I then contributed to further research exploring alternative implementations of the PLUG dataflow concept. LEAP (ANCS 2012) replaces PLUG microcores with fixed-function units, diminishing latency and power consumption at the price of some flexibility. SWSL (ANCS 2013) is a compiler that can synthesize hardware lookup pipelines (expressed as PLUG-style dataflow graphs) from C++. In this case, the goal is to reduce hardware design/verification overhead while retaining high performance and low power consumption.
Constraint-based architectural scheduling
PLUG and other similar communication-exposed architectures allow the compiler significant freedom in mapping instructions to cores (and organizing the necessary communication). Compilers typically use heuristics to derive efficient mappings; however, such approach is complex, architecture-specific, and does not provide guarantees on the quality of the resulting mappings. Generalizing insights from the PLUG work, we designed a general framework that can produce schedules for any spatial architecture. In this approach, the architecture is described as a set of constraints on placement of computation on cores, and routing of on-chip data. Many constraints are common to most spatial spatial processors; support for a new processor can be implemented by adding a handful of constraints specific to its architecture. Our work on constraint-based scheduling was presented at PLDI 2013 and further detailed in our TOPLAS article.
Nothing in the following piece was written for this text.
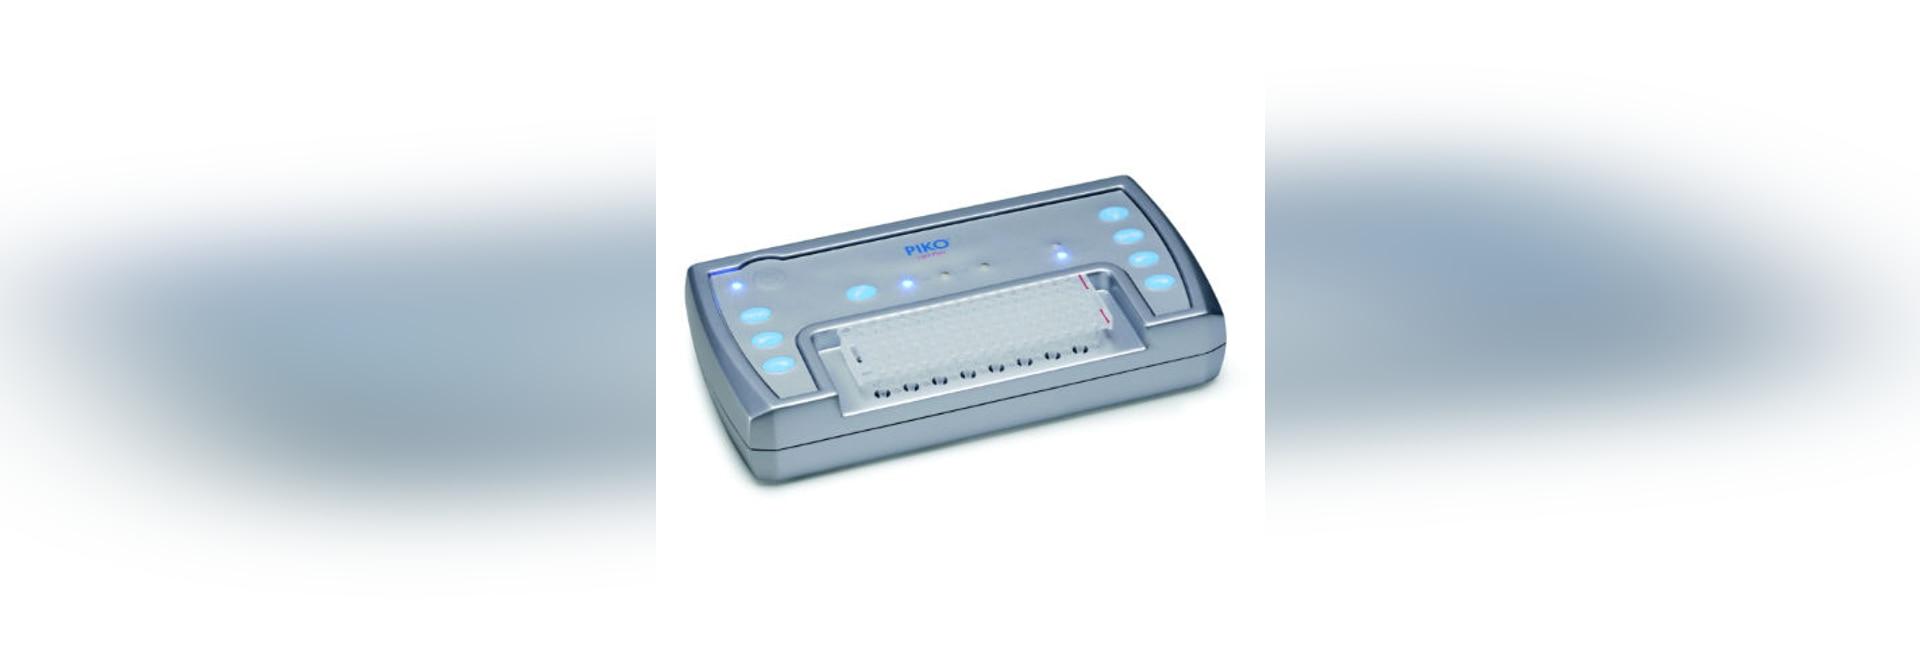 NEW: LED illuminator by Thermo Scientific - Laboratory Equipment

Fingerprinting network problems
During my internship at Microsoft Research India, I contributed to the development of a tool - Deja vu - for identifying and classifying network problems. The principle is to generate simple, human-readable signatures by extracting a series of features from network traces. Deja Vu then uses a novel learning algorithm to categorize problem signatures in clusters. The advantage of such approach is that signatures can be effectively used to map failures to known problems (existing clusters), and to detect the occurrence of new problems (new clusters). Also, the signatures - being simple and human readable -can be used by experts to diagnose problems instead of time-consuming network capture analysis. Deja Vu was presented at the CoNEXT 2011 conference.
Parallel data transfers
For my master thesis, I participated in the development of a session-layer protocol - called PATTHEL - that aggregates multiple TCP connections in a single logical channel. PATTHEL is similar in spirit to SCTP but it is implemented on top of TCP, which makes it easier to deploy and more flexible. For example, it can be employed to aggregate the throughput of multiple NICs, but also to spread the load among multiple low-bandwidth relays in a P2P network. PATTHEL was presented at the ISCC 2009 conference.